** Your goal **
Each record below needs to be written out exactly as it appears.

** Data supplied **
● ● ● ● ●
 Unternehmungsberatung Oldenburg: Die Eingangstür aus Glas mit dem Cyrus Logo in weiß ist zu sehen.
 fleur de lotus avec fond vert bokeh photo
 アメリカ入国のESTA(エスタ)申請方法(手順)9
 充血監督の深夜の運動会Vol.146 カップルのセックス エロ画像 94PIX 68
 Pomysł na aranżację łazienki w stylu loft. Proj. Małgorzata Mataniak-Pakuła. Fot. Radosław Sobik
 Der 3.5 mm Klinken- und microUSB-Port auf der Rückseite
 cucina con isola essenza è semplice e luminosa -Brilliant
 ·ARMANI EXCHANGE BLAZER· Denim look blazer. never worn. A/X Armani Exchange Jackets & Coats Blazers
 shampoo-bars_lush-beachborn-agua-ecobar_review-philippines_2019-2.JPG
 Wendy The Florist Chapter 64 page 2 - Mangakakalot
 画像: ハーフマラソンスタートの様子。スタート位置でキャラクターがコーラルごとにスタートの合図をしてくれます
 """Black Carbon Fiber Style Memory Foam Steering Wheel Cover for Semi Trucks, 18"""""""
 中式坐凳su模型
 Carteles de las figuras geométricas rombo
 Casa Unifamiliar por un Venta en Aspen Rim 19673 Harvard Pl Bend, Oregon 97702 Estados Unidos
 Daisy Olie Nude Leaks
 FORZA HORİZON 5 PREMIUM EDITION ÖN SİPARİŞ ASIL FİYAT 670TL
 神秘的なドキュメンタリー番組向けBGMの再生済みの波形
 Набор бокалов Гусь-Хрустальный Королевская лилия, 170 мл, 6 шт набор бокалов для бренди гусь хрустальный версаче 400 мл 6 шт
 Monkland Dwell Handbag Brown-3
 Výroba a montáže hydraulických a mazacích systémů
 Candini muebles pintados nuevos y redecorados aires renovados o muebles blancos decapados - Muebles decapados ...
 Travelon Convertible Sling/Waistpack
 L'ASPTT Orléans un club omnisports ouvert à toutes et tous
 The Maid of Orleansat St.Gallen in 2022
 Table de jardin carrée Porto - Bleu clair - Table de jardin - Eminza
● ● ● ● ●
** Answer below **
 Unternehmungsberatung Oldenburg: Die Eingangstür aus Glas mit dem Cyrus Logo in weiß ist zu sehen.
 fleur de lotus avec fond vert bokeh photo
 アメリカ入国のESTA(エスタ)申請方法(手順)9
 充血監督の深夜の運動会Vol.146 カップルのセックス エロ画像 94PIX 68
 Pomysł na aranżację łazienki w stylu loft. Proj. Małgorzata Mataniak-Pakuła. Fot. Radosław Sobik
 Der 3.5 mm Klinken- und microUSB-Port auf der Rückseite
 cucina con isola essenza è semplice e luminosa -Brilliant
 ·ARMANI EXCHANGE BLAZER· Denim look blazer. never worn. A/X Armani Exchange Jackets & Coats Blazers
 shampoo-bars_lush-beachborn-agua-ecobar_review-philippines_2019-2.JPG
 Wendy The Florist Chapter 64 page 2 - Mangakakalot
 画像: ハーフマラソンスタートの様子。スタート位置でキャラクターがコーラルごとにスタートの合図をしてくれます
 """Black Carbon Fiber Style Memory Foam Steering Wheel Cover for Semi Trucks, 18"""""""
 中式坐凳su模型
 Carteles de las figuras geométricas rombo
 Casa Unifamiliar por un Venta en Aspen Rim 19673 Harvard Pl Bend, Oregon 97702 Estados Unidos
 Daisy Olie Nude Leaks
 FORZA HORİZON 5 PREMIUM EDITION ÖN SİPARİŞ ASIL FİYAT 670TL
 神秘的なドキュメンタリー番組向けBGMの再生済みの波形
 Набор бокалов Гусь-Хрустальный Королевская лилия, 170 мл, 6 шт набор бокалов для бренди гусь хрустальный версаче 400 мл 6 шт
 Monkland Dwell Handbag Brown-3
 Výroba a montáže hydraulických a mazacích systémů
 Candini muebles pintados nuevos y redecorados aires renovados o muebles blancos decapados - Muebles decapados ...
 Travelon Convertible Sling/Waistpack
 L'ASPTT Orléans un club omnisports ouvert à toutes et tous
 The Maid of Orleansat St.Gallen in 2022
 Table de jardin carrée Porto - Bleu clair - Table de jardin - Eminza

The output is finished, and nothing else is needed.